Break-even analysis in marketing is a special form of break-even point analysis for the arithmetical determination of the conditions under which the breakeven point is reached for certain sales-economic activities (i.e. equality of the attributable total costs and total revenues in a reference period, especially for New product projects).
Ein Neuproduktvorhaben gilt als akzeptabel, wenn die lt. Marktforschung tatsächlich zu erwartende Absatzmenge nicht kleiner als die Break-Even-Menge ist (Absatzmenge innerhalb des Referenzzeitraums zur Erreichung der Gewinnschwelle). Bei genauer Betrachtung zeigt sich, dass dieser einfach erscheinende Rechenansatz, der auf dem Direct costing beruht (Deckungsbeitragsrechnung im Marketing), mehrere inhaltliche Probleme aufwirft.

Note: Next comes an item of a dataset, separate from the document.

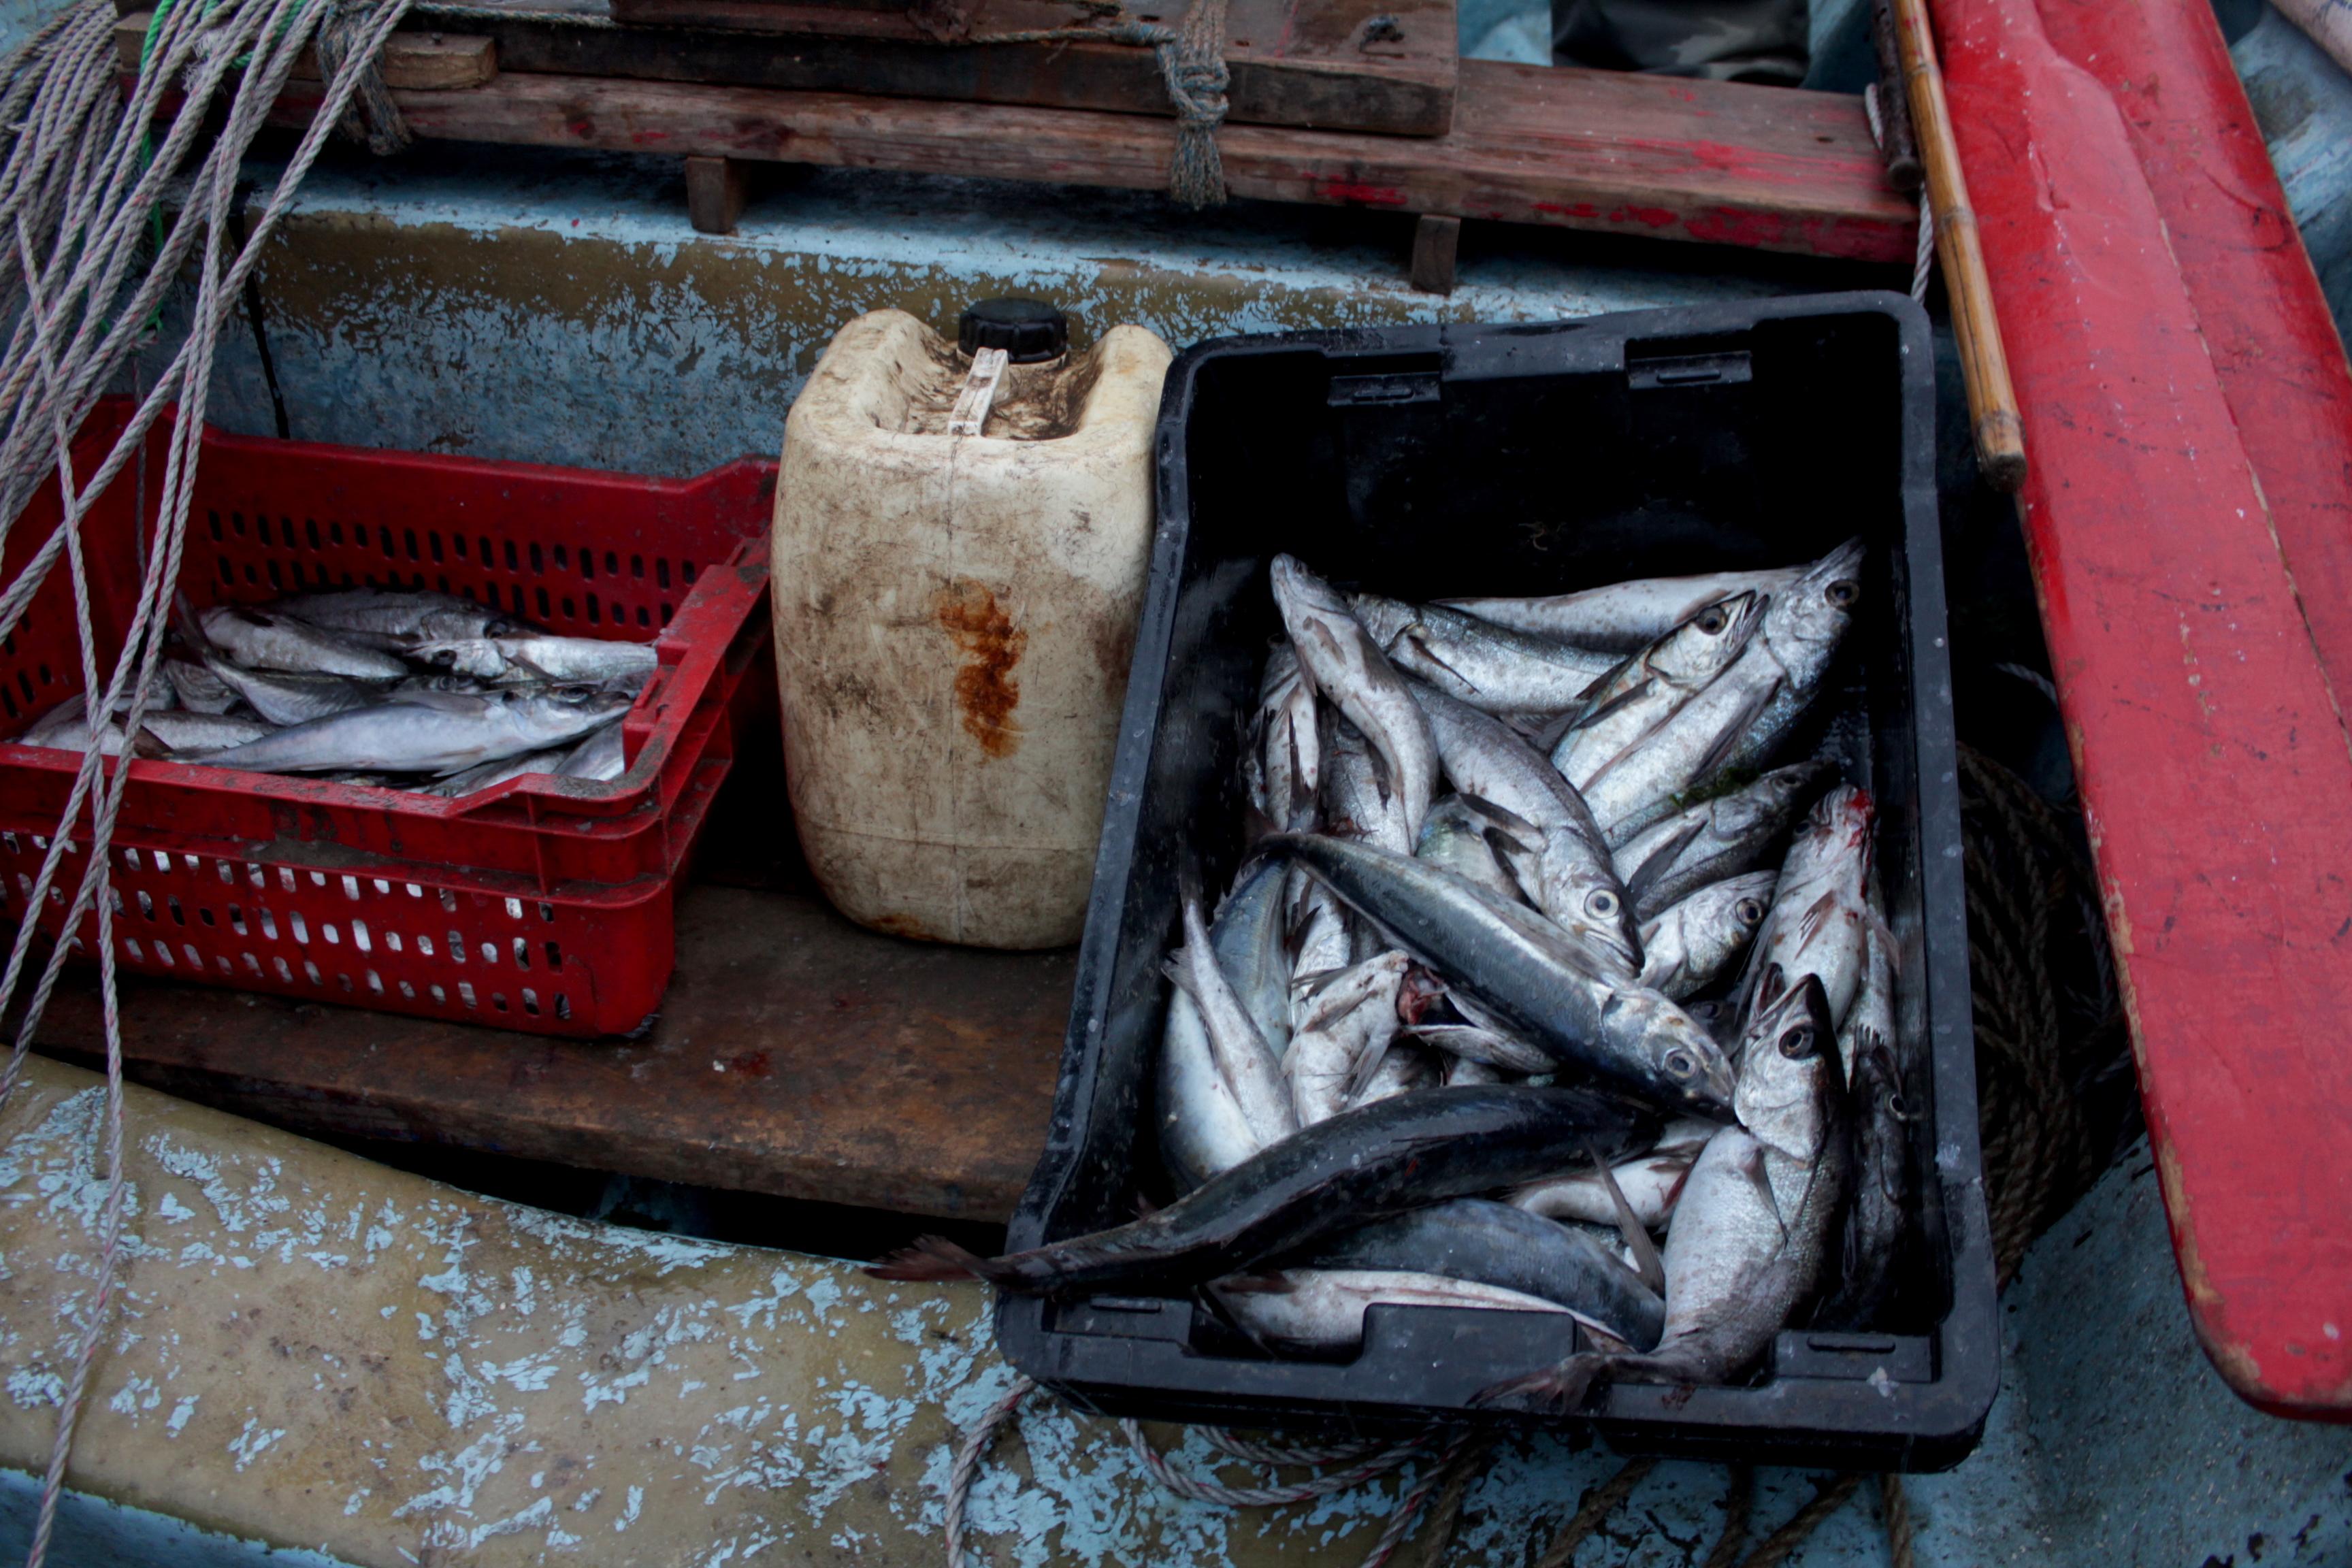 Pescadores artesanales pescando merluza. El 70% del recurso disponible es juvenil. Foto: Michelle Carrere

In particular, it must be carefully clarified what is to be included in the fixed costs during the reference period. It would be inappropriate to also charge fixed costs through arithmetical allocations, which are already incurred on the basis of previous decisions and are not changed at all in their amount due to the introduction or non-introduction of the new product (e.g. proportionate salaries of the existing sales management). A resulting high fixed cost amount could mathematically lead to such a large target sales volume that the new product is not launched, although this actually means that possible additional contribution margins are lost, while on the other hand the already existing fixed cost amount continues to be incurred.
In this context, it is important to pay attention to the principle of change calculation, which states that only those calculation values are to be assigned to a decision alternative that are effectively increased or decreased by the decision. Existing fixed costs, which could be reduced if the new product were not used, belong accordingly to the fixed costs of the break-even formula (e.g. depreciation on a production plant that can be used for the new product, but would otherwise be sold).
Likewise, all additional fixed costs due to the new product project must be included, e.g. the salary of a product manager who has to be hired first. However, it should be noted here (which is also not taken into account in the simple basic formula) that, in addition to one-off fixed charges (e.g. project planning costs), there are fixed costs that revolve every year (e.g. salaries). Depending on how long the reference period on which the break-even analysis is based, certain fixed cost amounts must be added up over several periods in the numerator of the formula.
If the new product can only be manufactured or sold in the event of a capacity bottleneck if the quantity of other products is withdrawn, the break-even analysis must include the corresponding opportunity costs per unit in the denominator of the formula as a supplement to the variable costs per unit of measure. In the case of break-even analyzes in marketing, the department controlling must ensure that adequate invoice information is provided and evaluated. This also includes the reference to the inadequacies of the static break-even calculation, in which the long-term success developments after reaching the breakeven point are ignored.